I felt like I [didn’t] want to work in a movie studio. I’ve done it before; I don’t like it. I like to be on location;

I like to have input from the real world that is helping to shape what we’re doing ... For The Grand Budapest Hotel we found this department store in this town called Gorlitz, which is in Saxony. Half of it is in Germany and the other half is in Poland. It’s on the border and it’s about 20 minutes from [the] Czech Republic, so in a way it’s really right where our story would be if there was such a place. ... This department store that we found, we made into our hotel — the big entrance hall of our hotel — and then we found everything else from the movie within a certain radius of that department store, and we discovered all sorts of things and people as we traveled around, figuring it all out. We made a pastiche of the greatest hits of Eastern Europe.

On The Use Of Miniatures For Sets

First, I love miniatures. It’s just an old movie technique, an old-fashioned approach. ... There’s a certain charm to miniatures to me, I just like them.
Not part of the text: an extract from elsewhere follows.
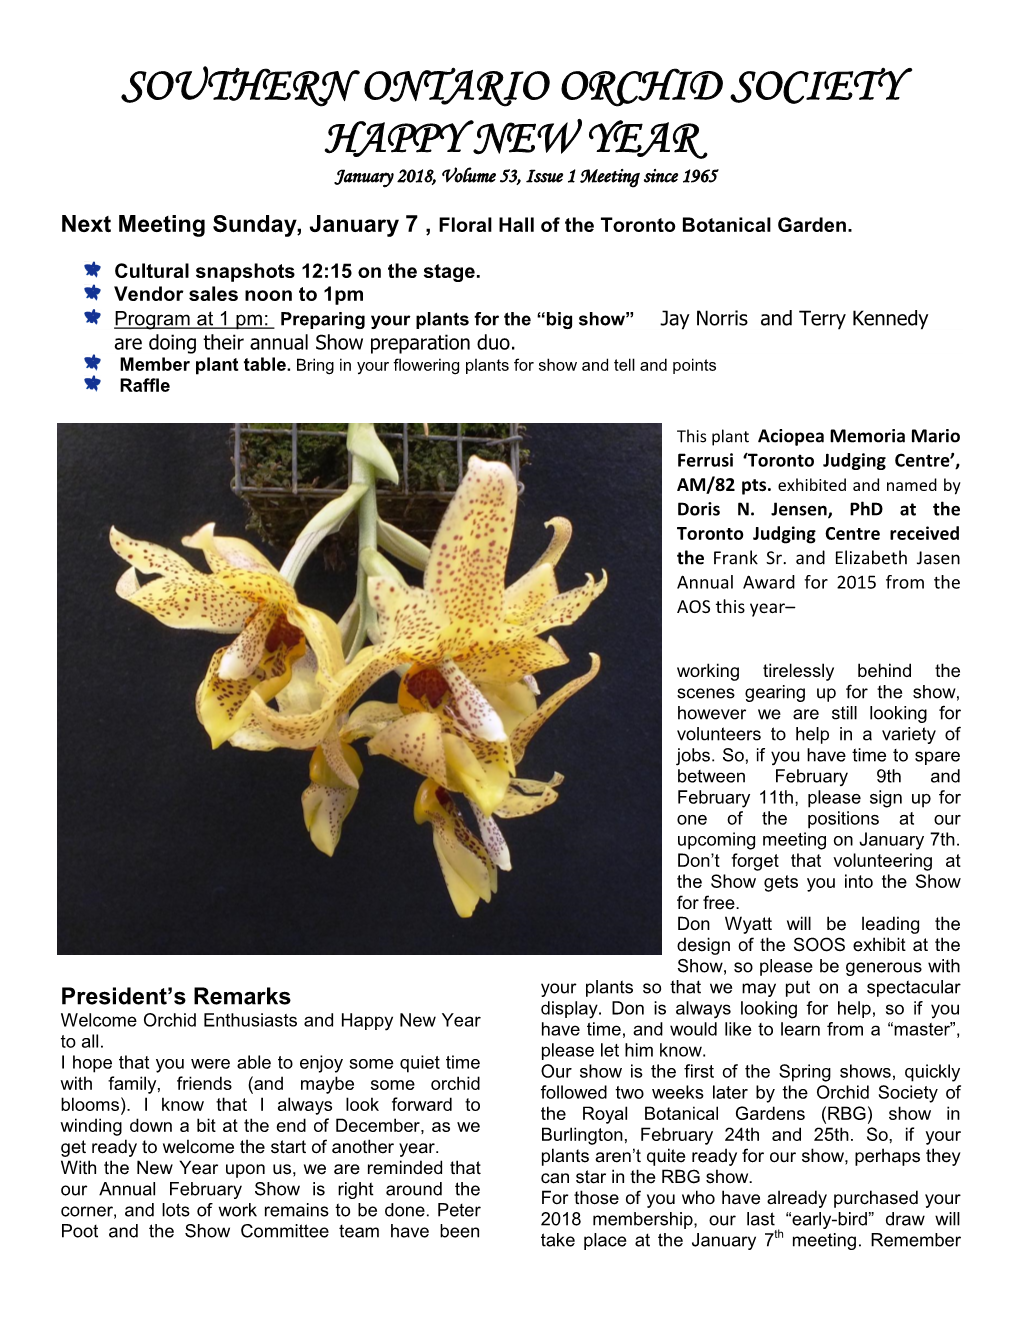 SOUTHERN ONTARIO ORCHID SOCIETY HAPPY NEW YEAR January 2018, Volume 53, Issue 1 Meeting Since 1965

But also, when you’re doing a miniature it means you can make the thing exactly the way you want. You have essentially no limitation. We were quite inspired by these paintings by Caspar David Friedrich and their views. A whole spa town would be presented in a painting, a mural with the miniature in it. And we did it in the style of Caspar David Friedrich, so it became a miniature and a painting.

ON HAVING CHARACTERS SIDE BY SIDE, LOOKING STRAIGHT AT THE CAMERA

I have my own way of blocking things and framing things that’s built into me. I compare it to handwriting. I don’t fully understand it — why my handwriting is like this — but in a way there’s some sort of tonal thing with the kind of stories I do. They tend to have some fable element, and I think my visual predilections are somehow related to trying to make that tone and make my own writing work with performers.